Il disco de I Cani può piacere o non piacere, non c’interessa. Vogliamo solo che il nostro lavoro venga rispettato, così come vengano rispettate le persone che si nascondono dietro I Cani.
Colpevoli solo di aver ottenuto un po’ di visibilità, reato che in questa scena romana di cui tanto ciarlate sembra essere peggiore dell’omicidio.
ma perchè si dovrebbero “nascondere”? Io non capisco questo.
Dato che io già sapevo le generalità della mente dietro il progetto I Cani posso dire che mi sono interessato all’articolo solo grazie a quei fanboy che l’hanno fatto diventare una pagina fan di Vasco Rossi con i più svariati insulti. Insomma, il provincialismo c’è ma state guardando dalla parte sbagliata.
@Mauro poi mi spieghi perche ti rivolgi a me col plurale, come se c’entrassi qualcosa col progetto! :D
evidentemente il fatto che non la pensi come te mi bolla automaticamente come uno degli ultras, sei fuori strada. A me non viene in tasca nulla, i miei soldi per il CD de I Cani sono gia finiti per l’ultimo Fucked Up…mi riferivo ai dati, semmai è Steve Jobs che ti prende per il culo
non ci sono cani cattivi ma padroni cattivi
mai sentiti prima d’ora… chi so’?
ha ragione Colas
una band che cavalca la bieca onda del sensazionalismo. essenzialmente, musica di merda.
Un mio amico qui a londra, mi ha detto che conosceva Banksy. Naturalmente gli ho chiesto , e chi è ?
E lui naturalmente mi ha risposto, non lo so solo io chi è , ma tutti gli artisti con cui condivide interessi e alcuni progetti, ovviamente nessuno fa il nome perchè sarebbe un grande figura di merda a sputtanare un artista che ha deciso di non pubblicare le sue generalità (per motivi che non sto qui a discutere).

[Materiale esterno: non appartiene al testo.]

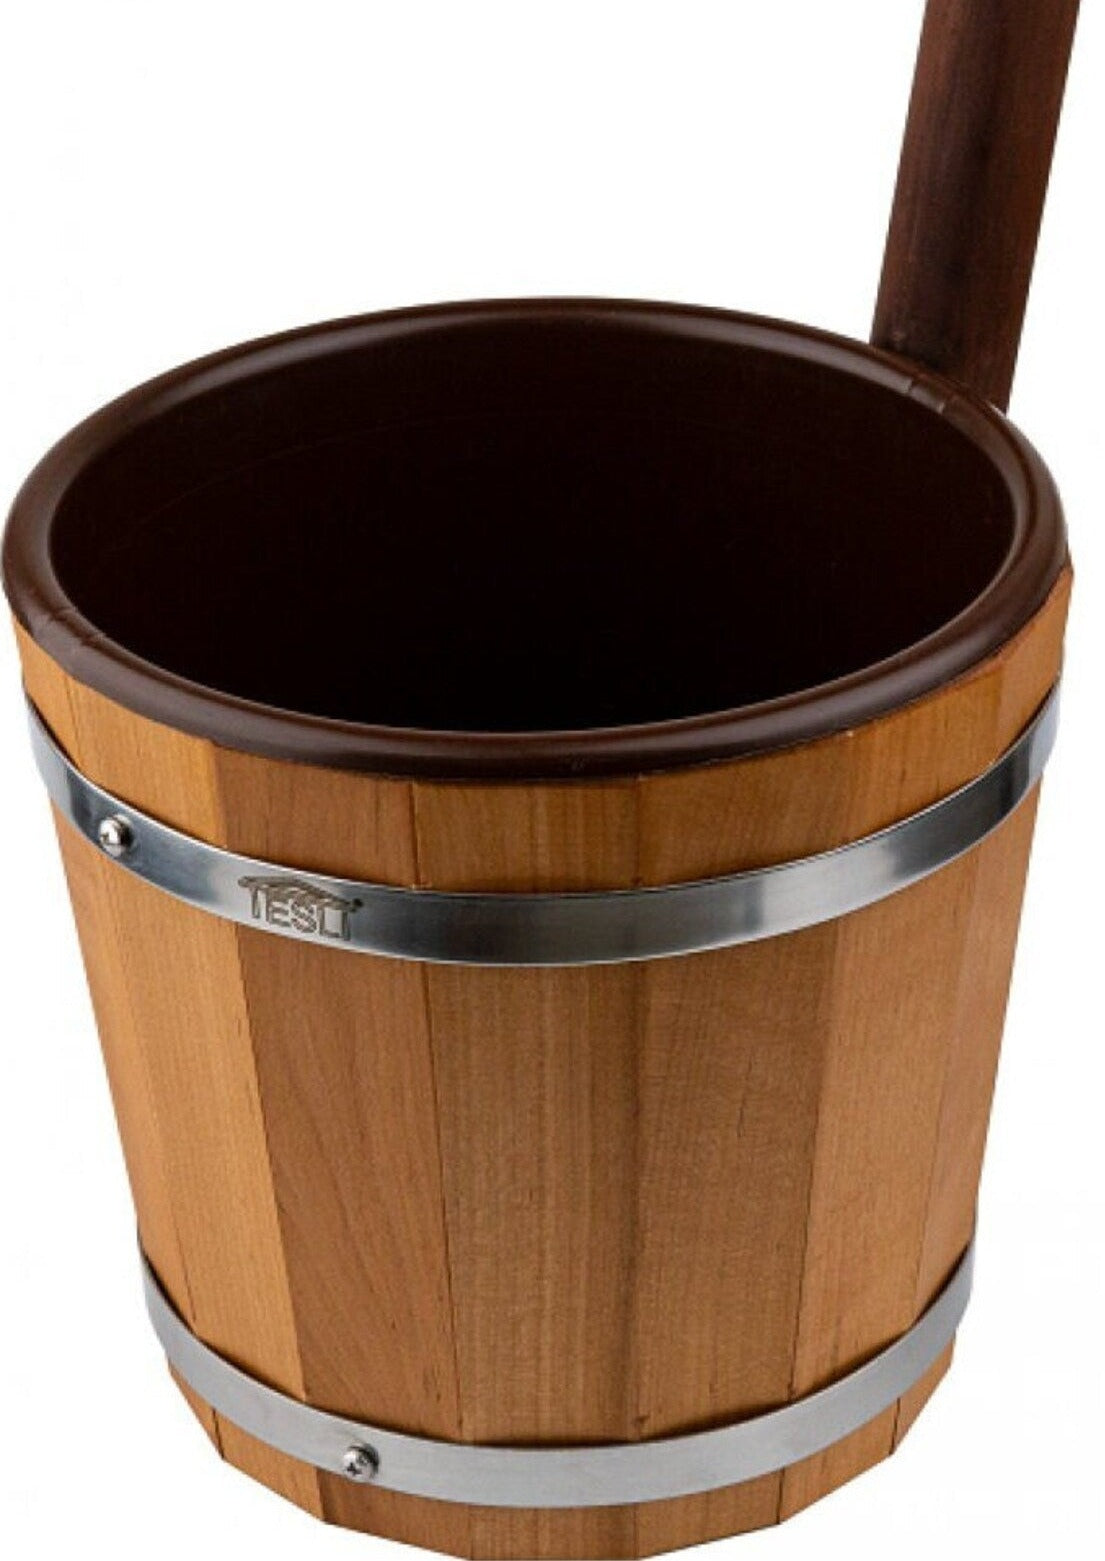 Wood Bath Bucket 5 L from thermal wood and plastics. insert

Questa è l’integrità di chi si occupa di arte o pseudoarte, non certo quello di imbottirsi di invidia, per un pò di rumore che sta facendo qualcuno, e andare a dire cose che non fanno altro che creare danni al progetto.
Ci sono artisti che per anni nel mondo sono stati nell’anonimato, naturalmente in questo paese sottosviluppato culturalmente e musicalmente questo non riesce ad attecchire.
Continuate ad ascoltare ligabue.
Tornando alle critiche.
Le critiche fanno sempre bene, quando sono costruttive. Perchè chi critica critica e basta, chi suona si mette in gioco. Già di per sè così si delineano delle differenze.
Come fare ad etichettare un disco d’esordio di una giovane band come di “già sentito”, non può farmi che sorridere, poichè nella mia vita raramente ho potuto ascoltare dischi d’esordio che non fossero “già sentiti”, poichè quando già sentiti non lo sono, ed il disco è interessante, parliamo di band promettenti.
Diciamo che la maggioranza di dischi di band pseudo-promettenti italiane che ascolto sono “ultra sentiti”, per tornare all’approccio dell’articolo, e che anche i Baustelle non hanno uno stile così originale se posizionati nel mercato mondiale musicale e non nazionale. Tornando al panorama italiano, se mi trovate da chi avete già sentito le cose che hanno proposto i cani consigliatemele che forse me le sono perse, ed ascolterò un altro disco questa settimana.
ciao dciacc prova i Sam Sham And The Pharahoas.
solo una domanda, perchè non mi torna…
ma che vuol dire “sbadatamente si faceva
riferimento al deus ex machina della band”?
perchè sai, io non sono un paladino di nulla,
ma almeno quel po’ di intelligenza,
che mi ritrovo (credo), fammela difendere.